关于白细胞介素 10(IL-10)抗炎作用涉及的内皮细胞机制知之甚少。本研究旨在评估 IL-10 对肿瘤坏死因子 α(TNF-α)诱导的内皮细胞氧化应激和炎症的影响。通过荧光显微镜使用二氯二氢荧光素二乙酸酯研究灌注人脐静脉内皮细胞(HUVEC)中的活性氧(ROS)的产生。在不存在和存在 IL-10(1ng/mL)的情况下,将 TNF-α(1ng/mL)添加到灌注培养基中。使用 wortmannin 和 LY 2940002(PI3-激酶的抑制剂)评估磷脂酰肌醇 3-激酶(PI3-kinase)的作用。通过 A66 和 TG100-115 研究 p110α 和 p110γ/δPI3-激酶亚基的特异性抑制。还测量了神经酰胺和细胞间黏附分子 1(ICAM-1)表达的水平。最后,使用体外灌注血管模型研究了 IL-10 对 TNF-α诱导的白细胞/内皮细胞相互作用的影响。IL-10 显著降低了 TNF-α诱导的 HUVEC 中二氯二氢荧光素二乙酸酯荧光(60 分钟时 12.5%±3.2%与 111.7%±21.6%)。LY2940002 或 wortmannin 的预处理恢复了存在 IL-10 时 TNF-α诱导的 ROS 产生。在 TNF-α+IL-10 处理的 HUVEC 中,p110αPI3-激酶亚基的抑制显著增加了 ROS 的产生,而 p110γ/δ抑制则没有显著作用。

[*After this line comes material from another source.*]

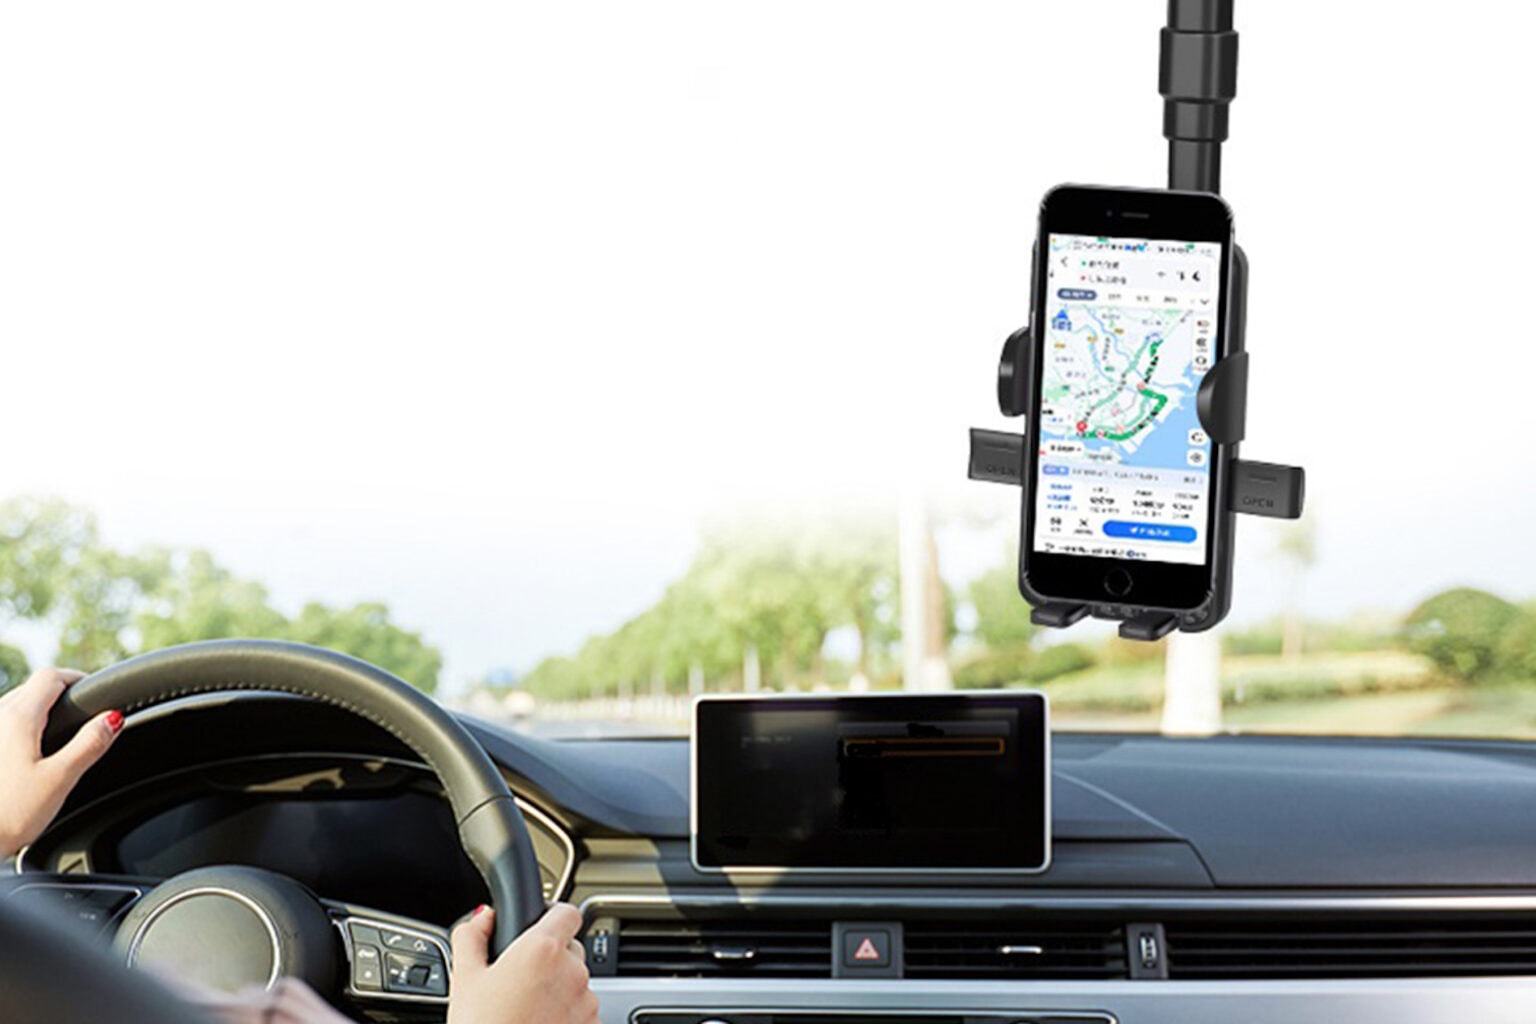 Let your iPhone ride shotgun with 63% off this telescoping car mount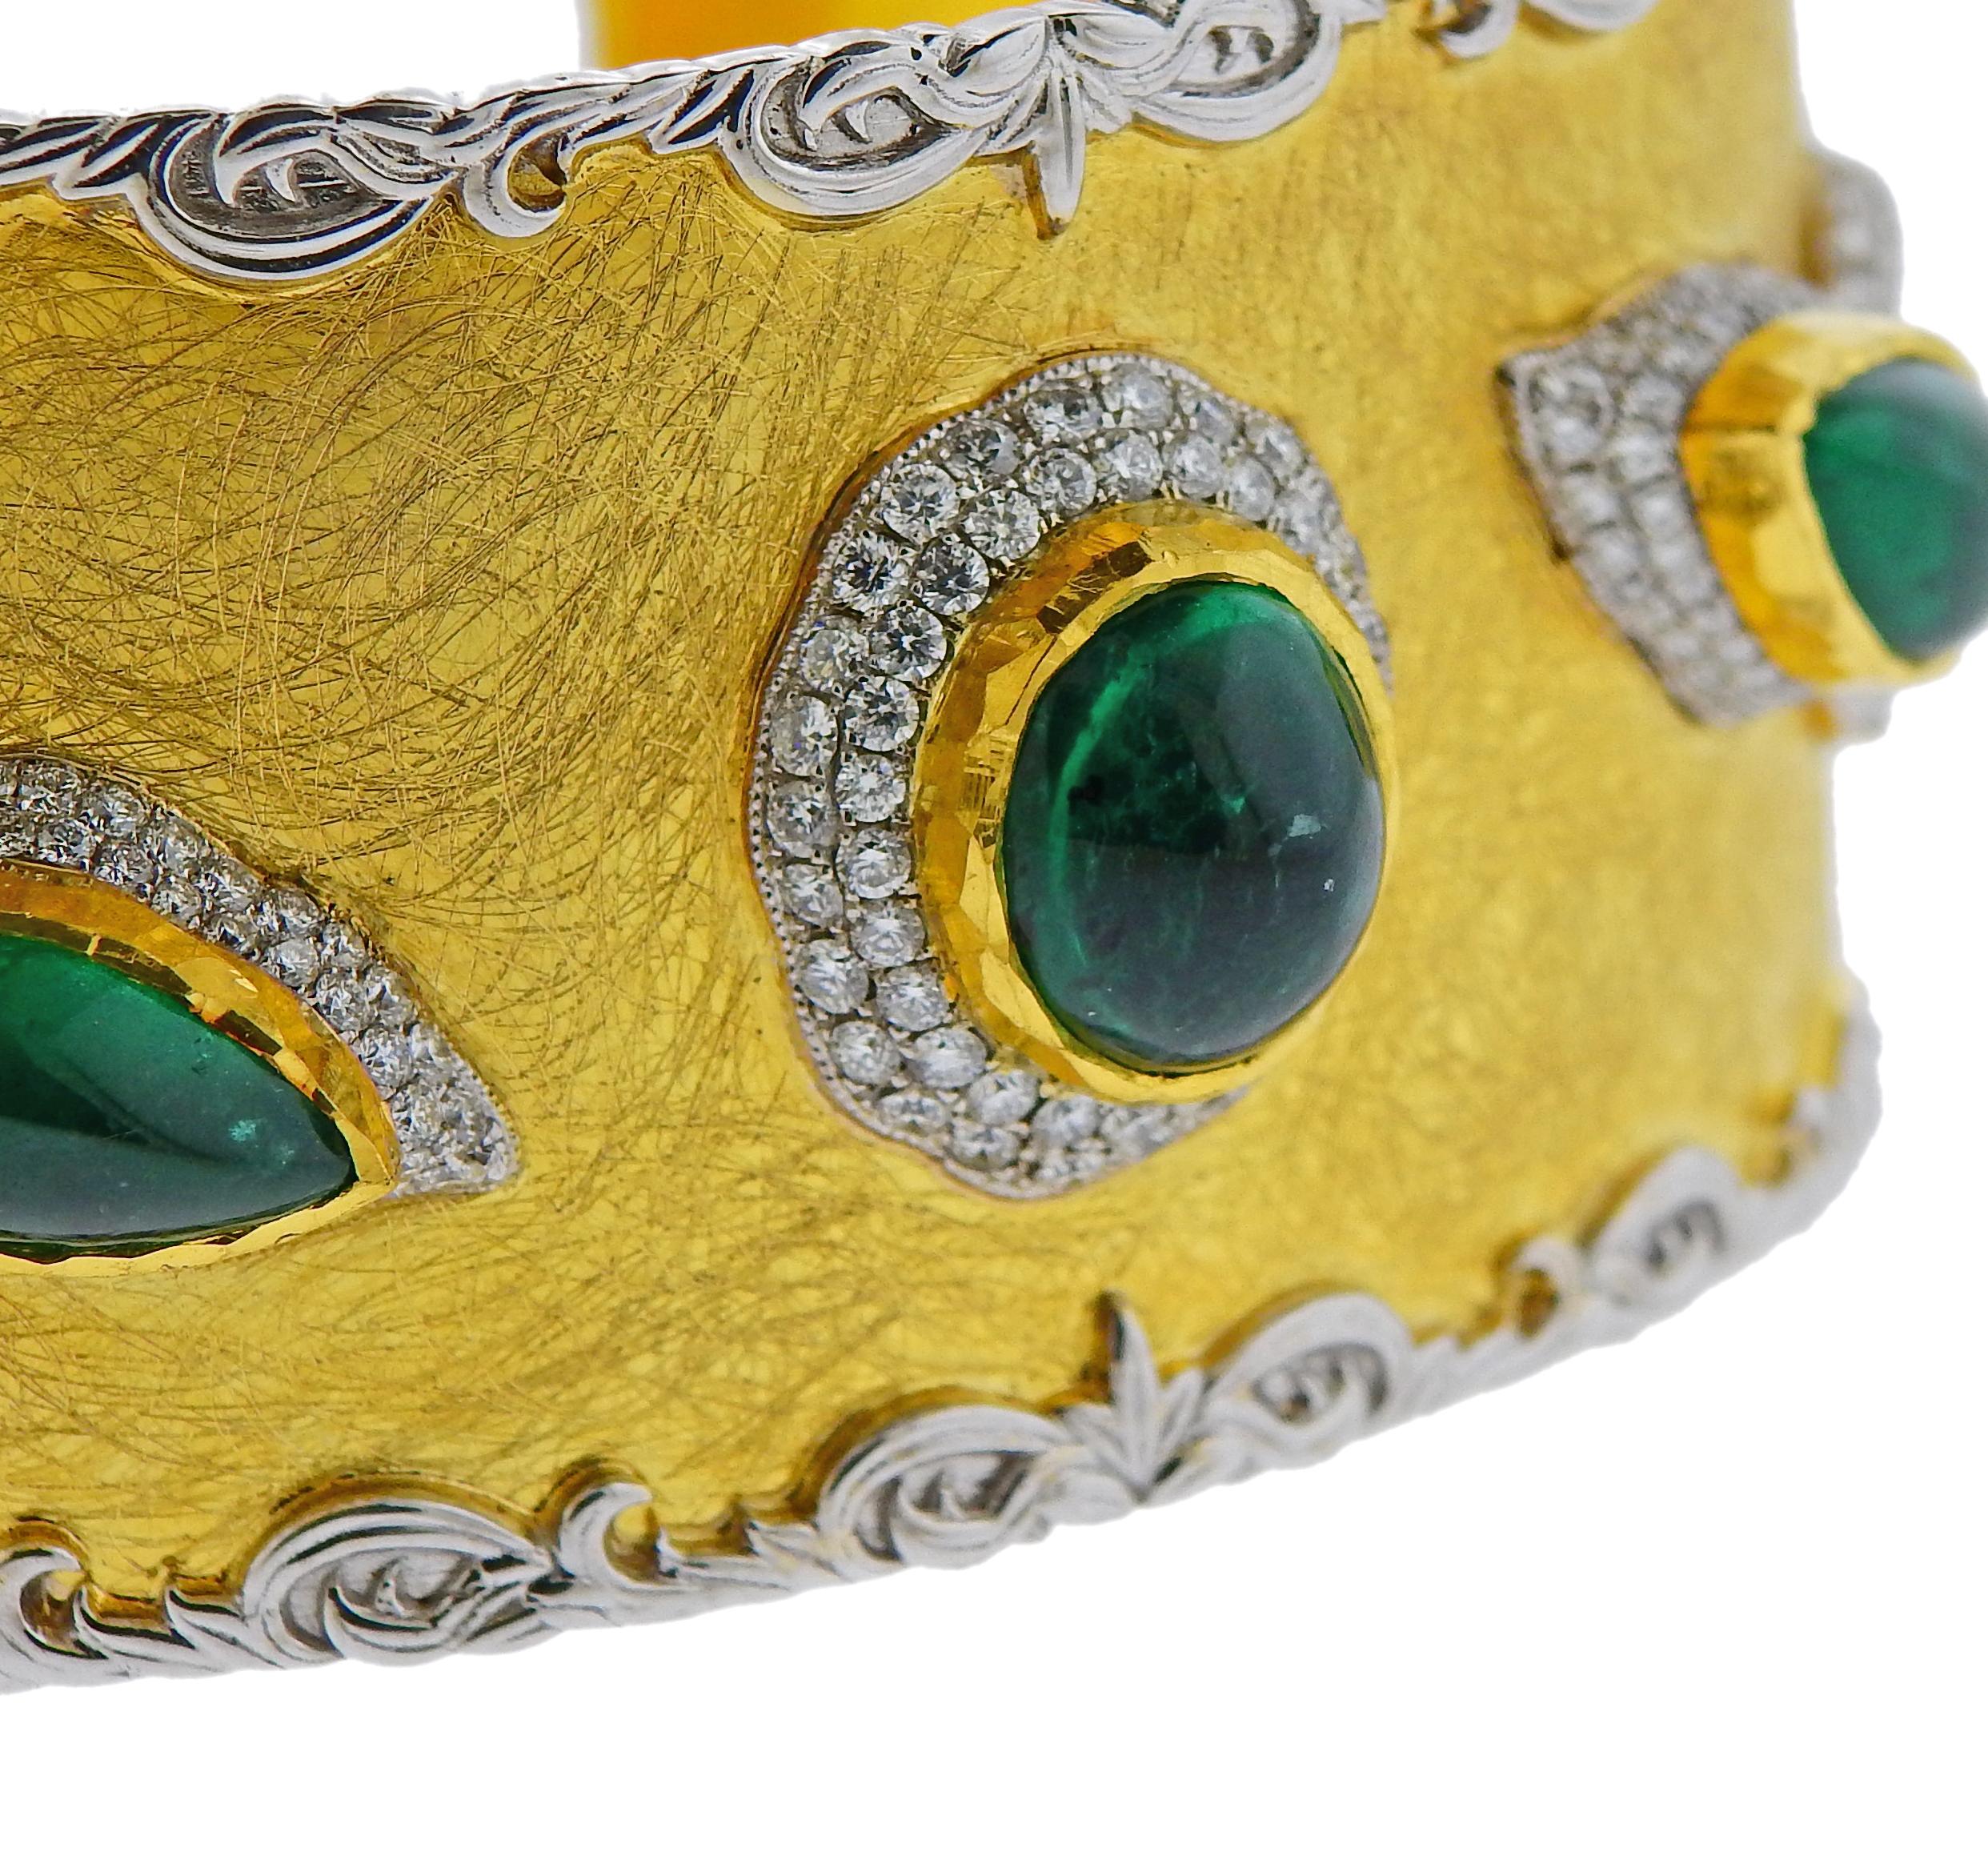 Impressive 18k and 24k gold cuff bracelet by Victor Velyan, set with emerald cabochons and approx. 1.80ctw in diamonds. Approximate retail is $68000. Bracelet will fit approx. 7.5

IL-10 的预处理显著降低了 TNF-α诱导的神经酰胺水平升高(TNF-α与 TNF-α+IL-10:6,278±1,013 与 1,440±130pmol/mgprot),以及 ICAM-1 表达和白细胞黏附(TNF-α与 TNF-α+IL-10:26.8±2.6 与 6.7±0.4 个黏附白细胞/场在 15 分钟时)。IL-10 通过减少 TNF-α诱导的 ROS 产生、ICAM-1 表达和白细胞与内皮细胞的黏附来降低内皮细胞中由 TNF-α诱导的炎症水平。IL-10 的抗氧化作用是通过 PI3-kinase 介导的,并伴随着 TNF-α诱导的神经酰胺合成减少。